You can take two routes up to the Wheeler Peak area - Bull of the Woods or Williams Lake. The former is longer (7.5 miles) but more gradual, while the latter is shorter (4.1 miles) but steeper. We did Bull up and back down and clocked it at over 16 miles and 9 hours total. Unless you are limited on time, you really must do Bull of the Woods - supposedly it is more scenic than Williams Lake. (Or do a loop of both, just realize that you may need to walk on dirt road for 2 miles to get back to your stop). Don't hike up in the afternoon during monsoon season (summer) unless you want to get struck by lightning - start when the sun rises and be wary of the skies. Also, pay attention to the trail and signs, there are multiple splits. Bring a map.
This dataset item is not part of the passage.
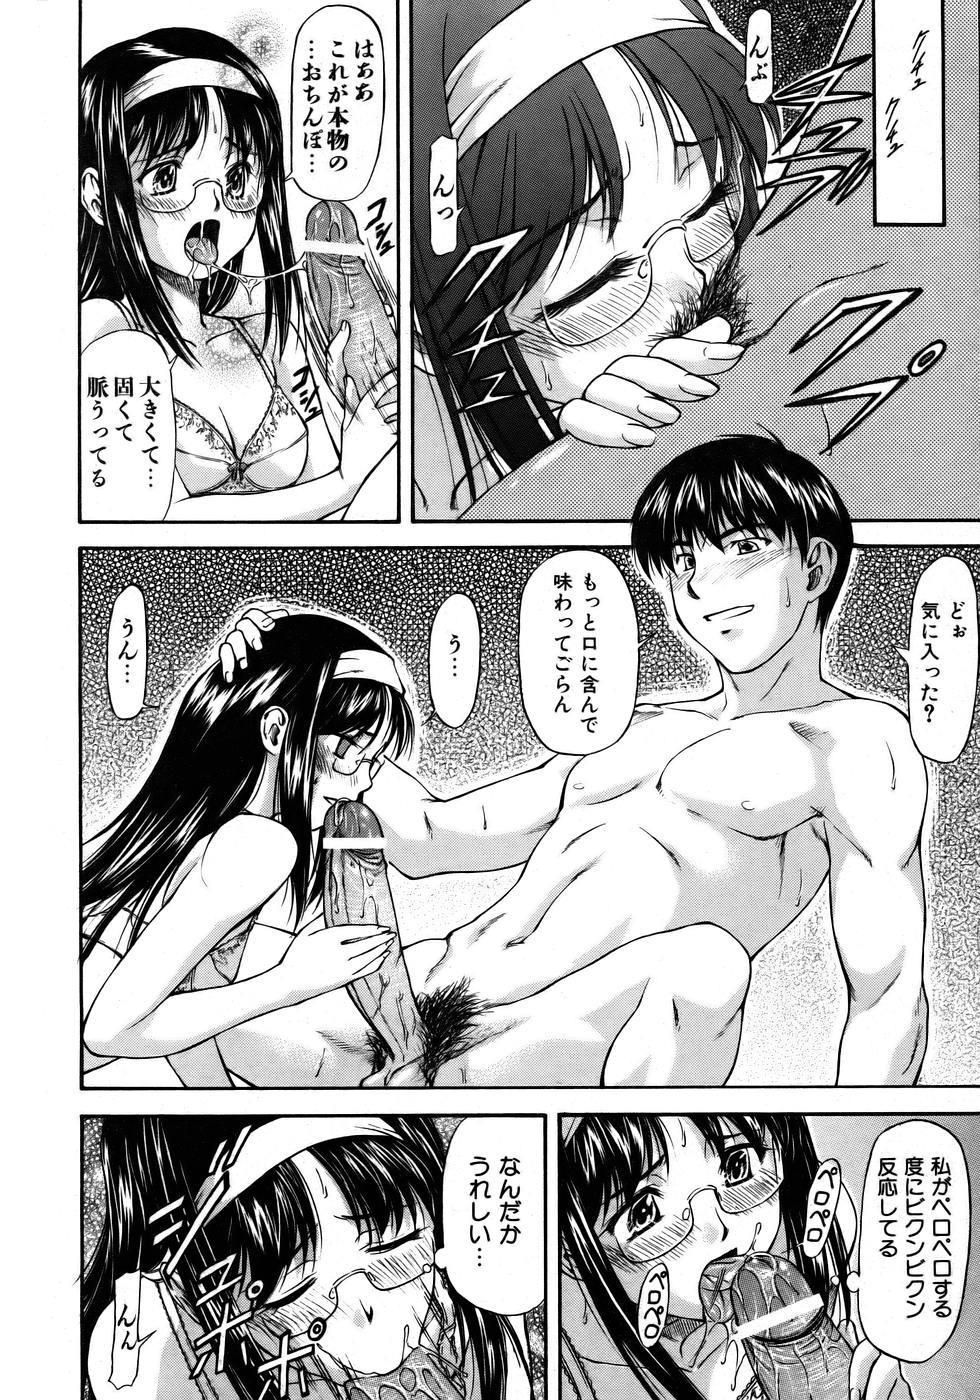 COMIC AUN 2005-12 Vol. 115 45

I can only write my review on Bull of the Woods as we did not do Williams Lake, but it was amazing. We started out at Twining Campground at 6 am after spending the night. The trail immediately began its ascent up a dirt path near a cascading river with an unbelievable number of blue/purple columbine flowers in full bloom surrounding the path. It was a little intimidating getting really tired after only 30 minutes, knowing that we were only 1/8 of the way there, but we got used to it, just have plenty of water/food and take breaks. Ascend gradually and breathe deeply.
We finally crossed the cascades via logs that were tied down over the water. This part of the trail was painful - 2 hours of nonstop, uphill dirt road surrounded by pine trees and small meadows. Eventually it climbed out of the tree line and entered Wheeler Peak Wilderness. Once above the treeline the views were phenomenal and can only be described as enchanting. There were still large patches of ice hanging off the sides of the alpine slopes. The trail here was relatively flat and much easier, providing a nice break from the uphill road. Eventually it descended into La Cal Basin - a gorgeous stream surrounded by brilliant green pine trees.
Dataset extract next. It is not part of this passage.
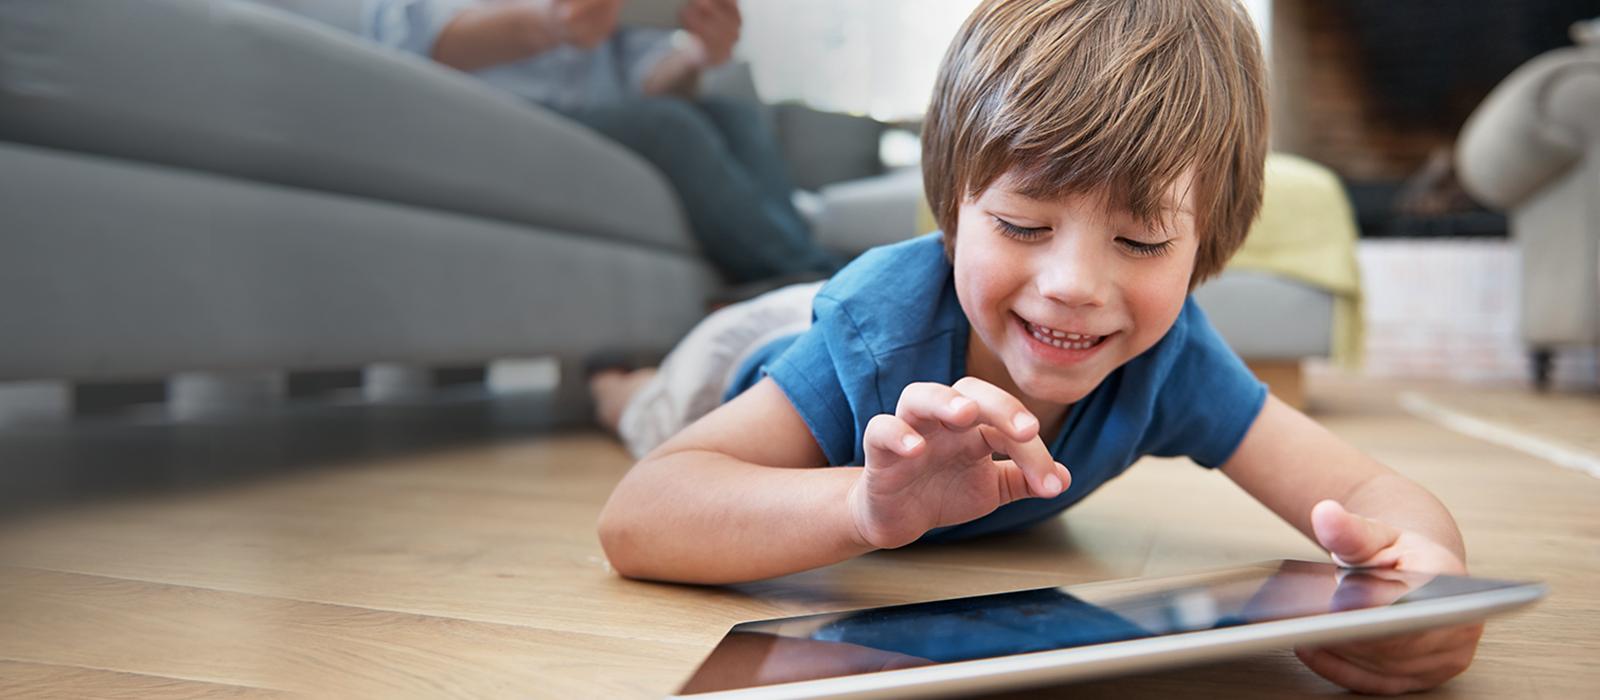 Self Defense on device - Parental control software

After we got down into La Cal we began the final, painful ascent. From this point it was nothing but switchbacks all the way up to Walter (then a short but rocky stretch to Wheeler). With the elevation high and the air thin it was really hard to breathe, but with patience we pushed ourselves to the summit and it was definitely worth it. Once we got to the ridge there were amazing views of Horseshoe Lake to the left. There were wildflowers covering the slopes of the mountains, and we also saw bighorn sheep and dozens of marmots. Don't forget to open the time capsule below the Wheeler plaque and write in the notebook!
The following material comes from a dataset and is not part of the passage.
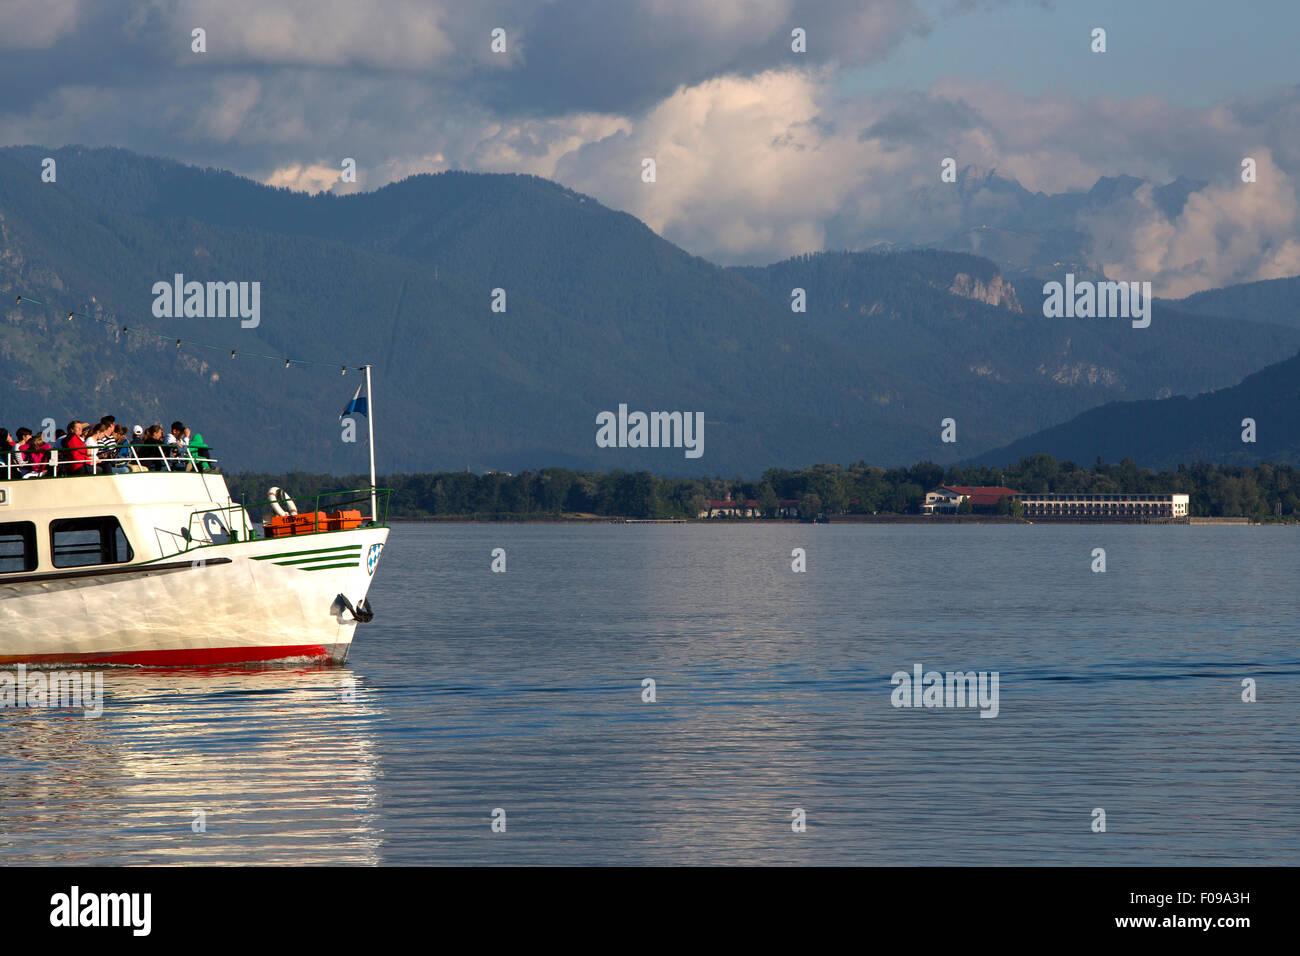 Steamship at lake Chiemsee in Bavaria, South Germany - Stock Image

The way down was less tiring but hard on the knees. Don't slip on the rocks, especially from Wheeler to just past Walter. If taking Bull of the Woods back, the road towards the end takes a while to get down (seems to go on forever). Follow the signs to Twining/Ski Valley.
Overall, there is so much to see here and if it weren't for the storms rolling in during the afternoon and how exhausted we were, I would have loved to explore all of the trails (for example, Bull of the Woods Pasture). The hike up the Wheeler was one of the most beautiful things I've ever done.